Маме сейчас восемьдесят семь лет, но для нее блокада – самая впечатляющая часть жизни, хотя и самая короткая…

С интересом относятся к её воспоминаниям внуки и правнуки. Из литературы о 900-х Ленинградских днях блокады, что попадала мне в руки, я знаю про героизм жителей, про отвагу воинов, защищавших город, про подвиги рабочих на предприятиях, про колоссальную нагрузку, выпавшую на долю советских организаций, руководивших обороной. Знаю я и то, что к сентябрю 1941-го года в городе оставалось более миллиона иждивенцев: женщин, стариков, больных, детей, в число которых входили и мы трое. Эти люди создавали дополнительные трудности осаждённому городу. В чём же был героизм этого миллиона жителей? Сколько же из них выжило? Да и как, собственно, выжили мы трое? Лучше всего, пожалуй, пока ещё не поздно, поподробнее расспросить об этом нашу маму: «Мама, как же нам – тебе с нами, удалось выжить? Может быть, у тебя были запасы продуктов и дров?» И мама рассказала, что никаких запасов не было и в помине, так как война началась внезапно…

Она устроилась на работу в Свердловский промкомбинат, который с первых же дней войны стал выпускать гранаты-лимонки и обмундирование для Советской Армии. Мама работала начальником отдела кадров и по совместительству – начальником спецотдела, а по статусу этих должностей была и начальником штаба МПВО предприятия. Ей по всем этим занимаемым должностям полагались две рабочие продуктовые карточки! И конечно, это здорово поддерживало нас. А маме приходилось нелегко, ибо она находилась на казарменном положении, а мы оставались одни под присмотром Зинаиды Филипповны Стукаловой – нашей доброй соседки. У той у самой было двое детей: Идочка и Алик, нашего же возраста…

Маме часто приходилось пешком добираться с работы с 13 линии В. О. на улицу Рентгена, чтобы нас проведать… Отец наш находился в действующей армии на фронте…

Безусловной необходимостью того времени являлось исключительно бережное отношение к хлебy – основному продукту питания, каждой его крошечке: именно каждой крошке. Хлеб делили на несколько частей и каждую часть съедали в строго определённое время…

«Мама, может, знакомые или родные помогали нам с продуктами и дровами? Или было несколько посылок от отца с фронта?» И мама отвечала: никаких родных у нас в городе в то время не было, а знакомые были, но они ничем помочь нам не могли, потому что сами находились в тяжёлом положении. От отца с фронта была одна-единственная посылочка с краснофлотцем Сашей – одна красноармейская буханка чёрного хлеба».

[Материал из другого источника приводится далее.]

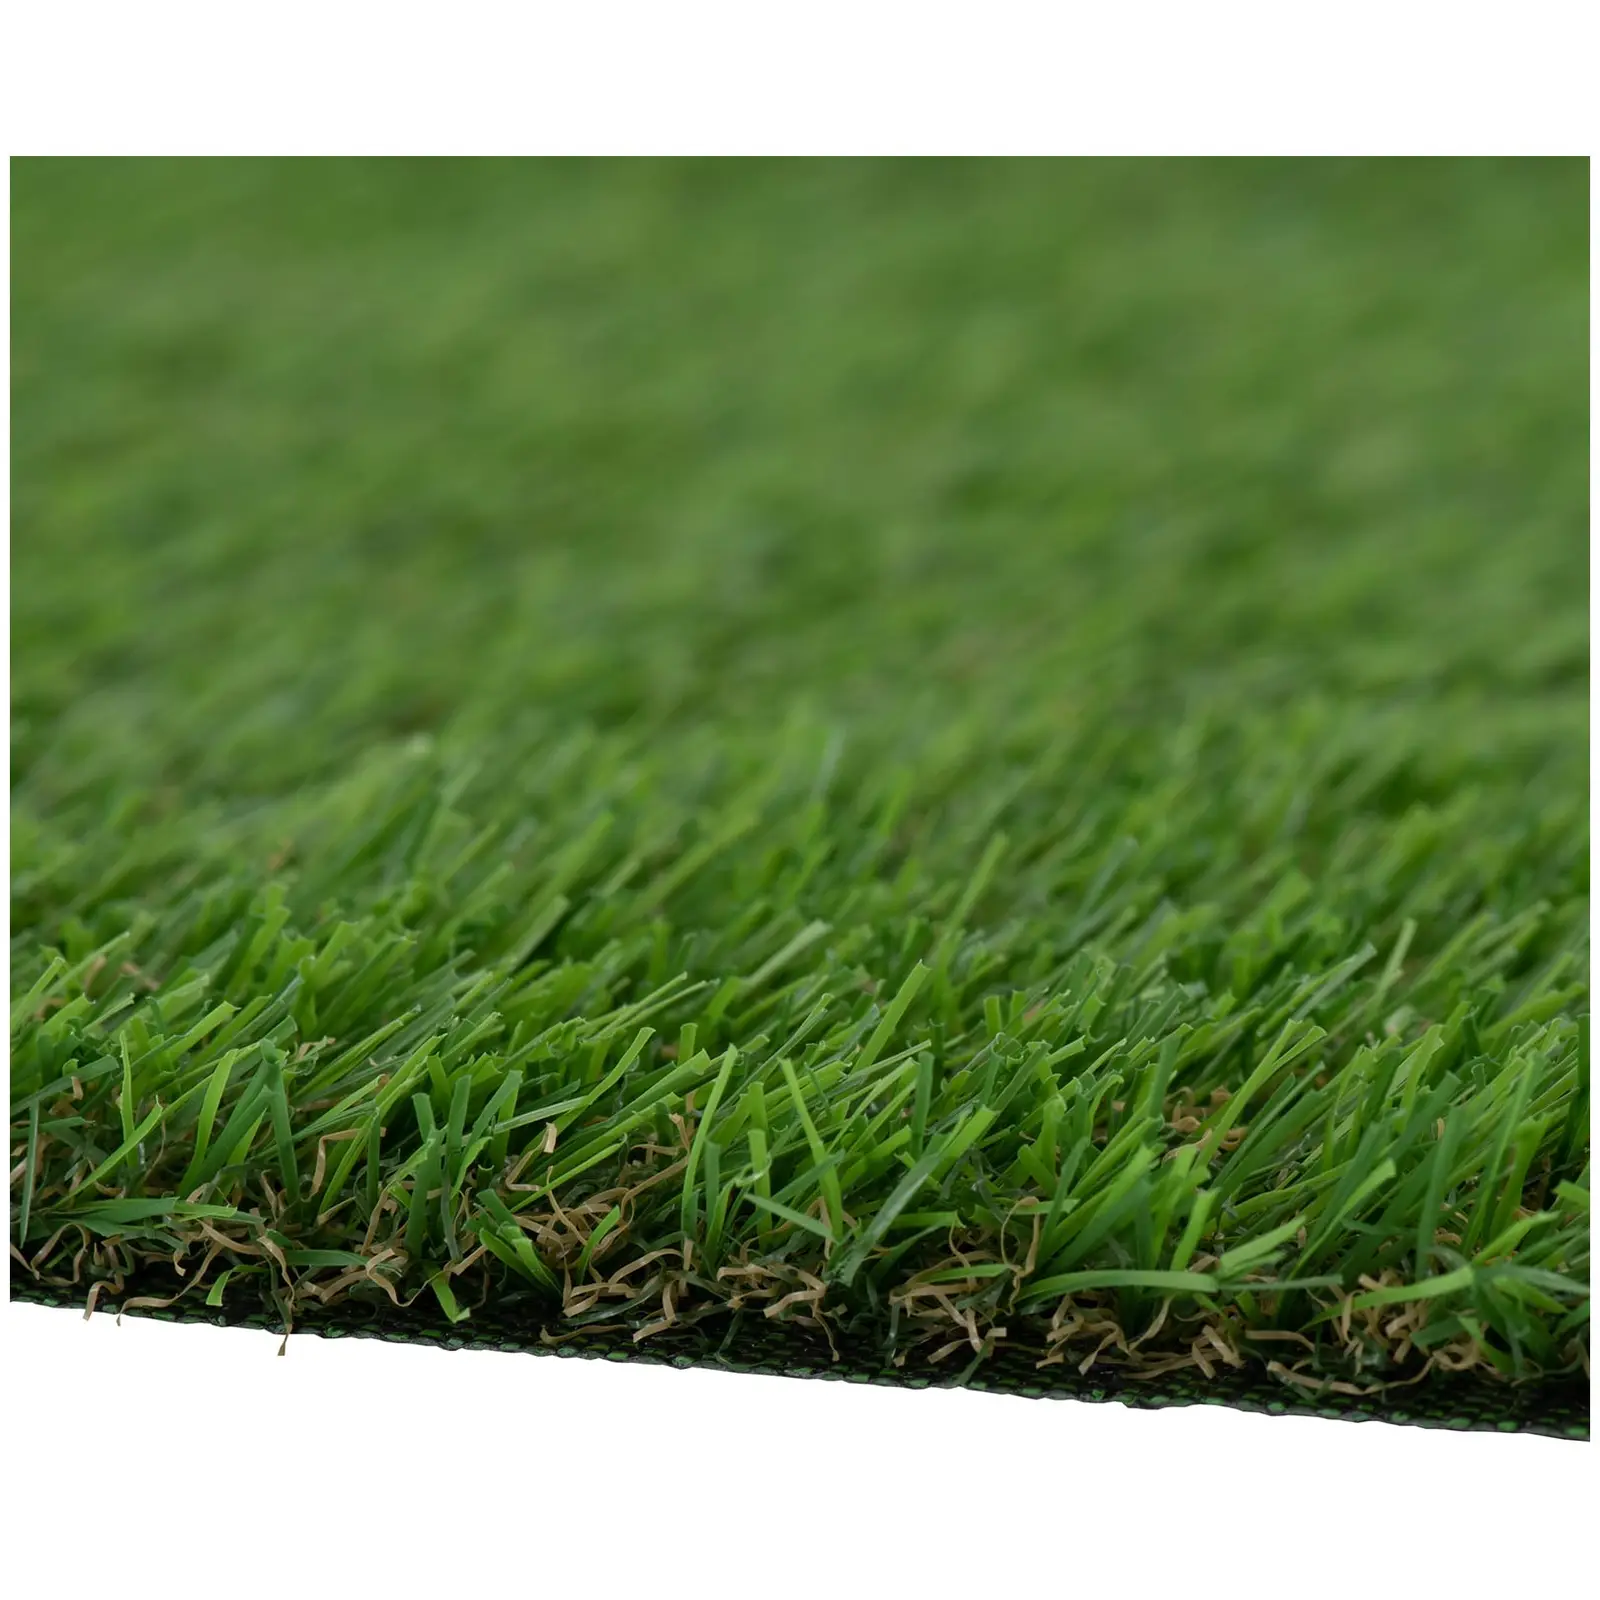 Artificial grass - 200 x 1000 cm - Height: 20 mm - Stitch rate: 13/10 cm - UV-resistant

А вот что ещё помогало выживать, так это обмен нажитых вещей на продукты, когда приходилось расставаться со всем, что представляло хоть какую-то ценность и даже с кабинетным роялем…

Частые воздушные налёты, обстрелы дальнобойной вражеской артиллерии, постоянное бегание в бомбоубежище, многочасовые очереди по отовариванию продуктовых карточек – вот будни ленинградской блокады. И конечно, неуёмная радость – весточка с фронта, от отца – значит, жив, бьётся с фашистами: от этого дышать и нам становилось намного легче!

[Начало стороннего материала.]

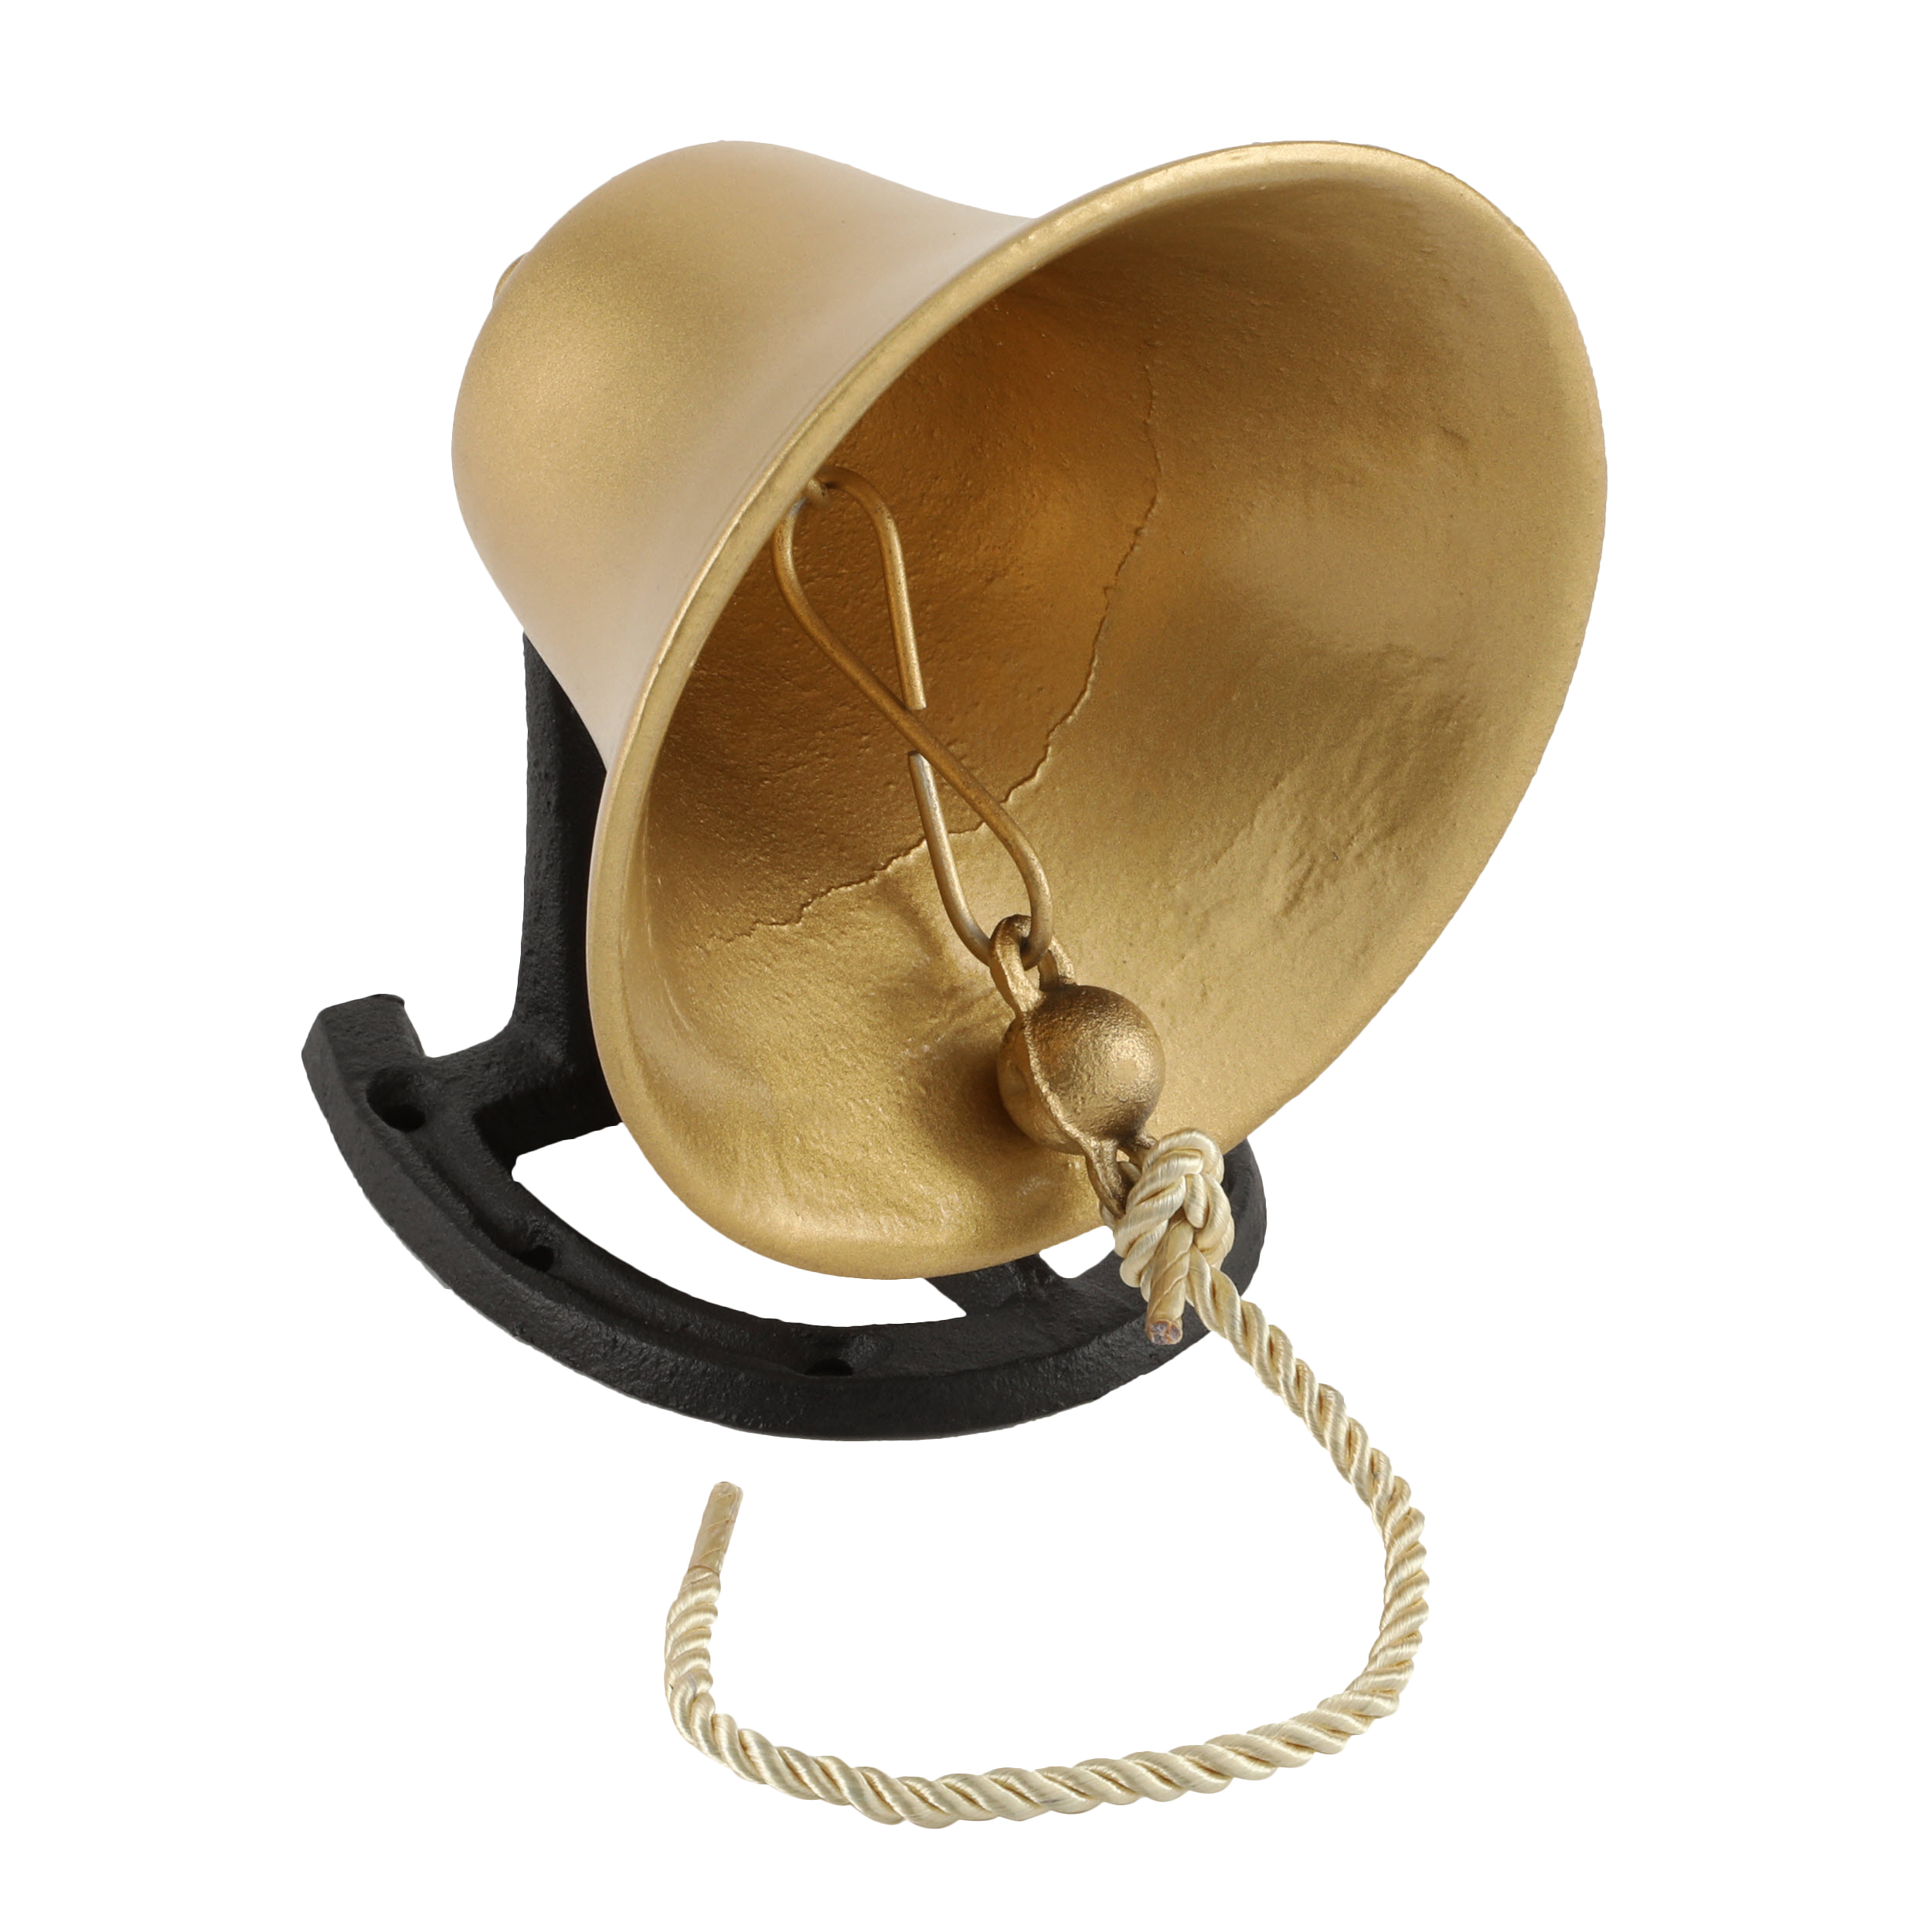 Gorilla Playsets Metal Dinner Bell Accessory with Black Horseshoe Mount - Gold - image 3 of 4

Перед самой войной родители хотели сделать ремонт и разделить большую комнату на две; купили столярный клей, олифу, обои. Так вот, война распорядилась иначе: почти все эти стройматериалы были нами благополучно съедены…

Мама кормила нас регулярно и иногда даже по три раза в день, умудряясь находить для этого продукты: по чуть-чуть хлеба и по несколько ложек затирухи из капустных листьев или дуранды, заправленных тем самым столярным клеем или олифой – вкуснятина необыкновенная. В обязательном порядке подавался пустой кипяток, еле подслащенный сахарином и немножко хлеба…

Мама не разрешала спать днём (можно было и не проснуться) и сама старалась укладывать нас только на ночь… Уходя на работу, давала нам задания: собирать всякий хлам для печки-буржуйки, прибираться в комнате или ещё что-то… Заставляла нас ходить в детский садик, пока он ещё работал, и в детскую консультацию за молочной смесью, пока давали и пока мы могли двигаться…

Никогда не замечал, чтобы мама плакала или охала при нас – она мужественно переносила все тяготы и лишения военной поры. Статная, красивая, молодая (двадцать четыре года), энергичная женщина, помню, вызывала восхищение у всех, с кем общалась, своей исключительной жизнерадостностью и добротой.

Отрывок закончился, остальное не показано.